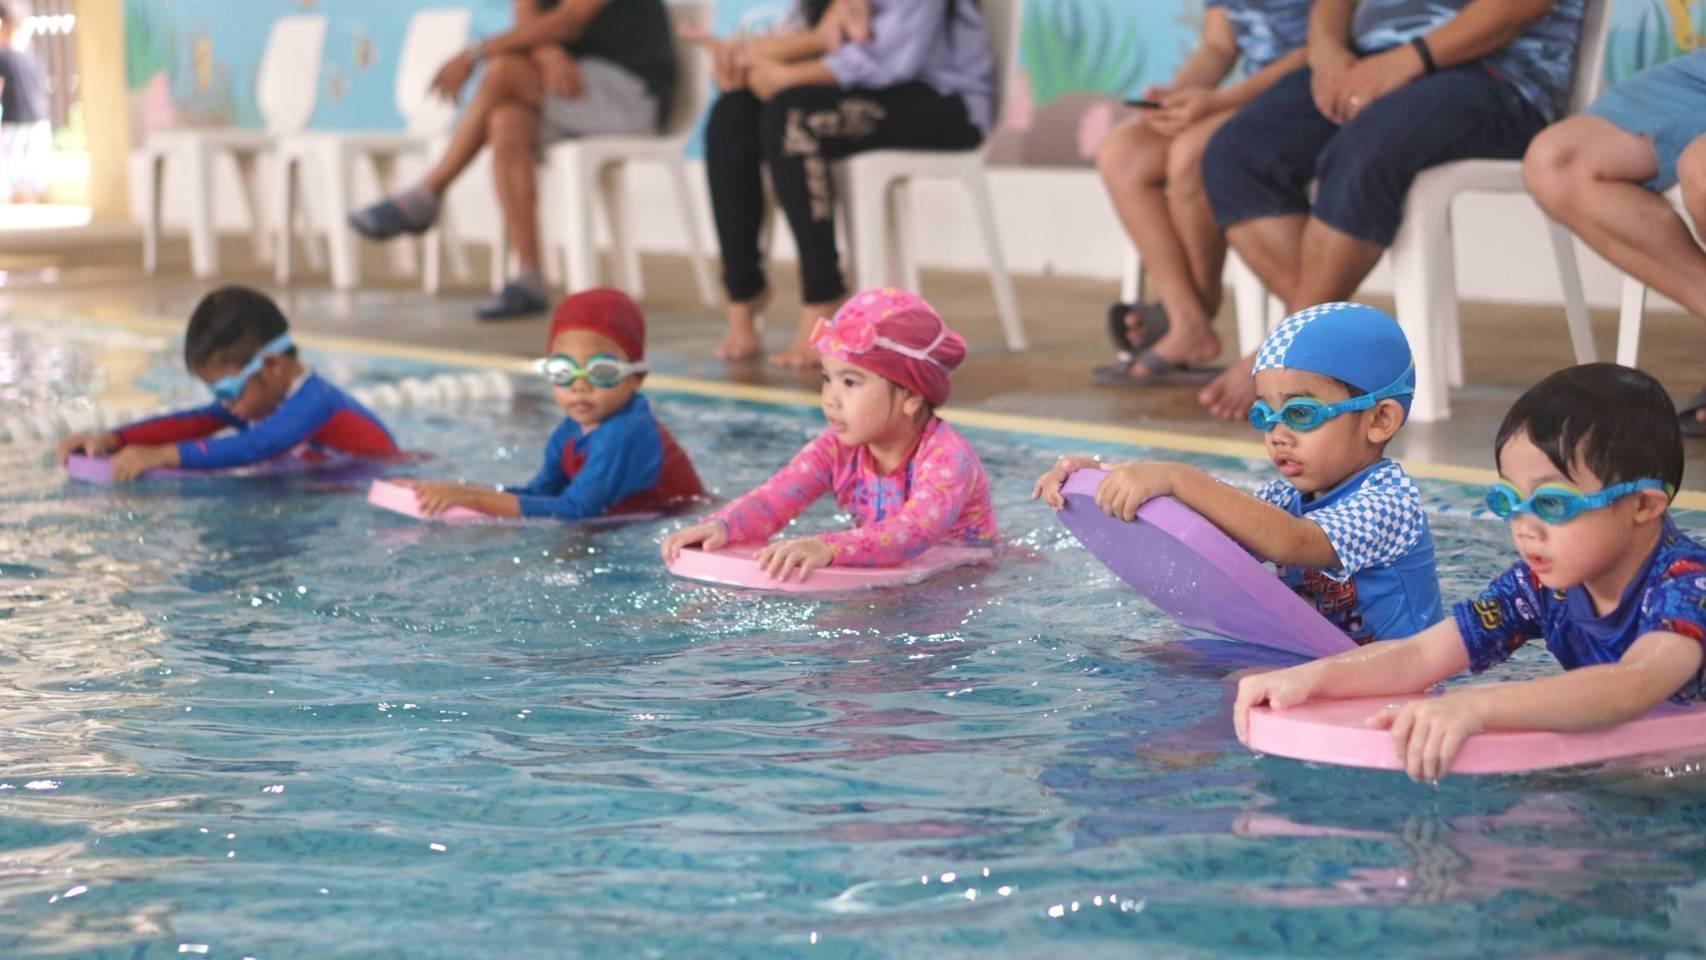 เรียนว่ายเด็ก ที่ไหนดี
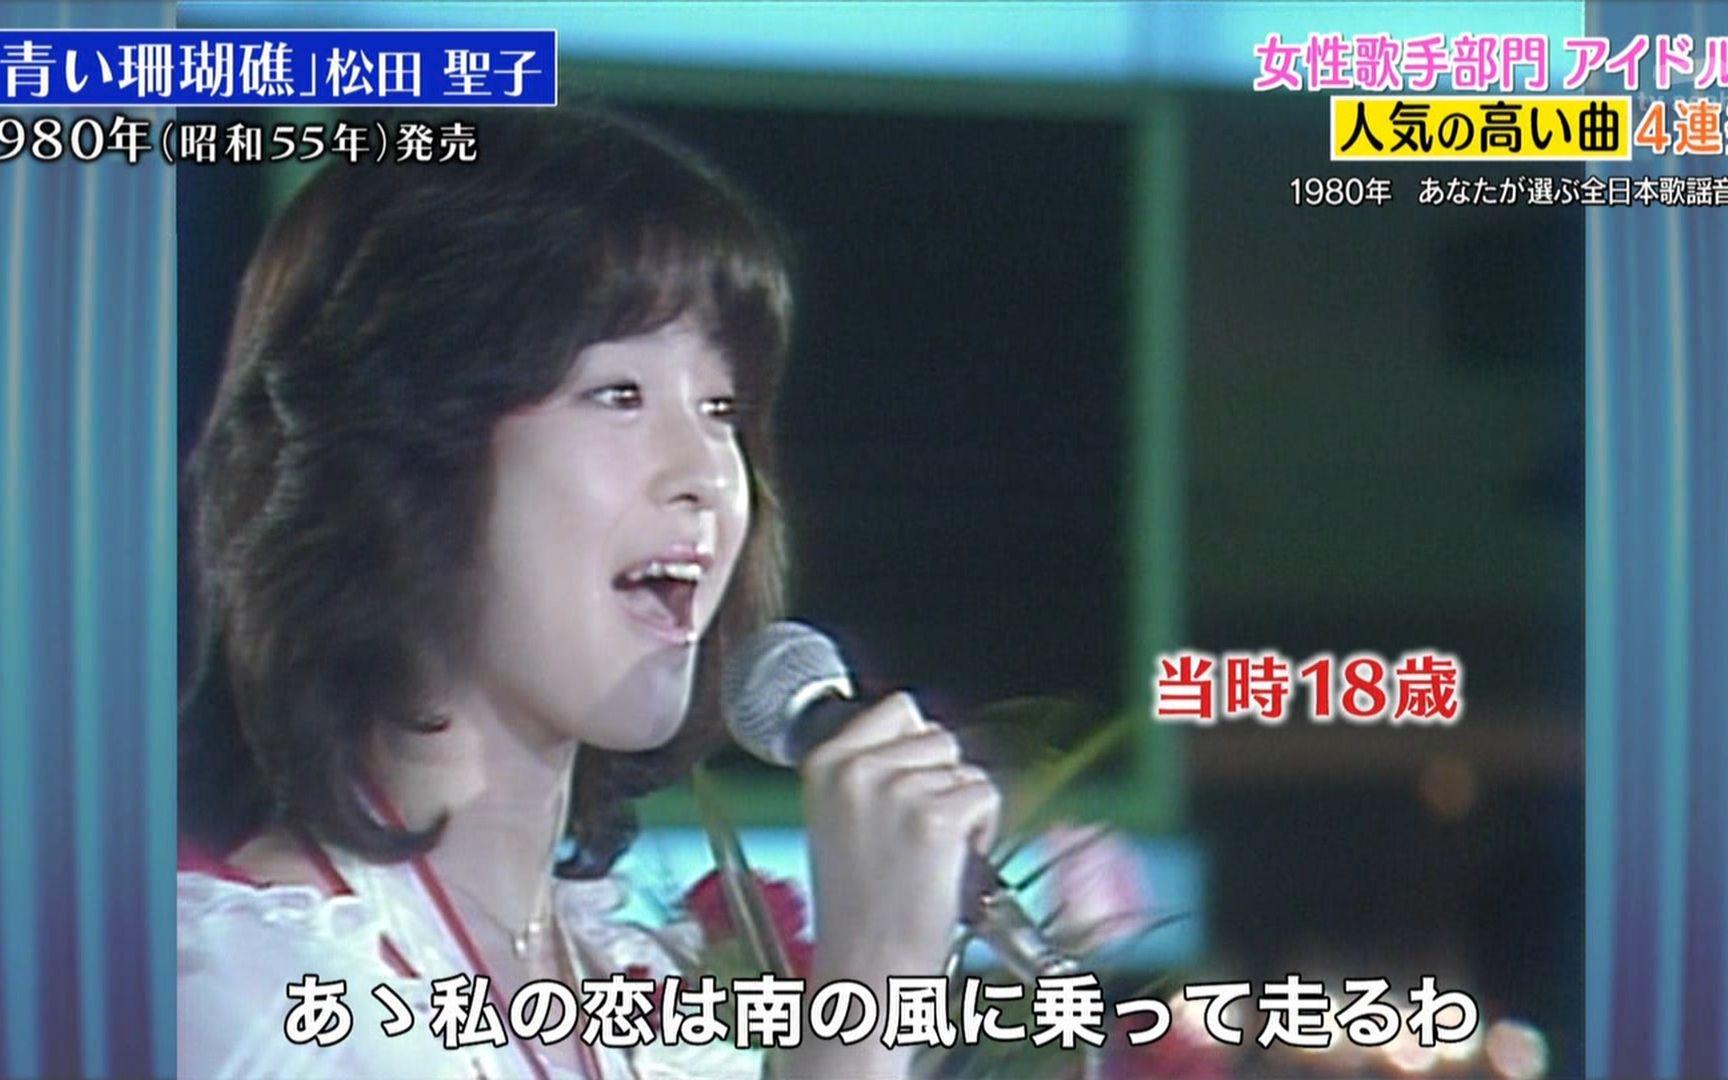 松田聖子 - 青い珊瑚礁 (18.12.19.日本の名曲グランプリ)_嗶哩嗶哩 (゜-゜)つロ 干杯~-bilibili
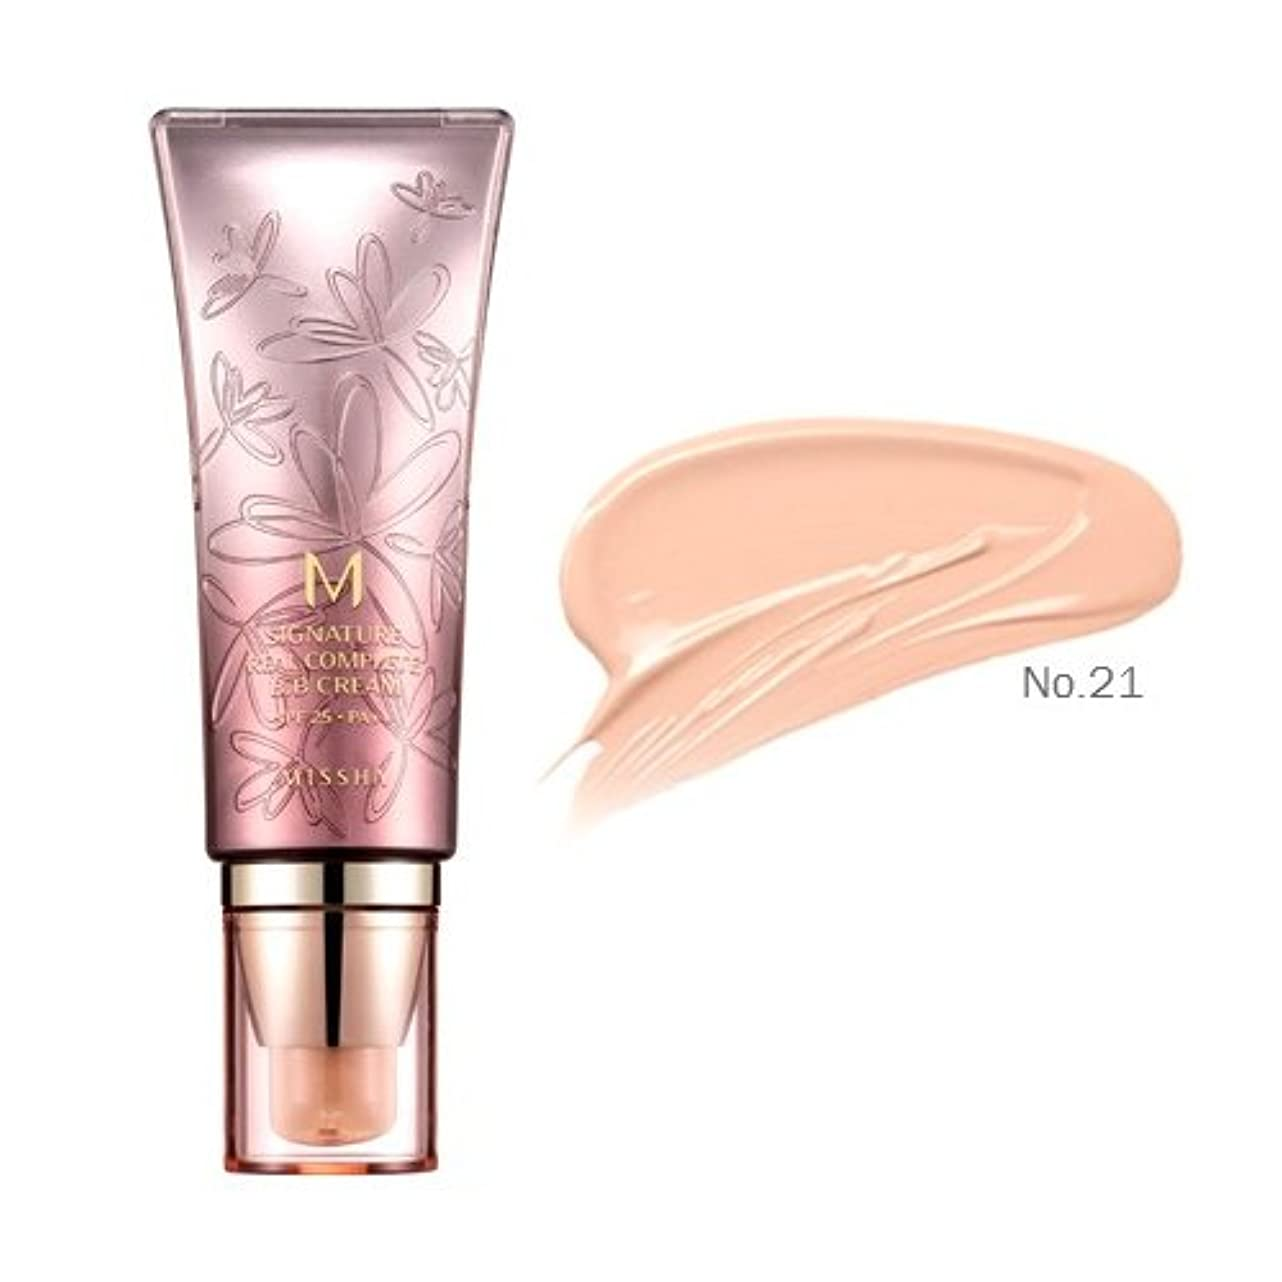 敵対的ラウンジリボン(6 Pack) MISSHA M Signature Real Complete B.B Cream SPF 25 PA++ No. 21 Light Pink Beige (並行輸入品)

= What is being asked =
Without including any picture, repeat the data exactly.

= Solution to this problem =
 เรียนว่ายเด็ก ที่ไหนดี
 松田聖子 - 青い珊瑚礁 (18.12.19.日本の名曲グランプリ)_嗶哩嗶哩 (゜-゜)つロ 干杯~-bilibili
 敵対的ラウンジリボン(6 Pack) MISSHA M Signature Real Complete B.B Cream SPF 25 PA++ No. 21 Light Pink Beige (並行輸入品)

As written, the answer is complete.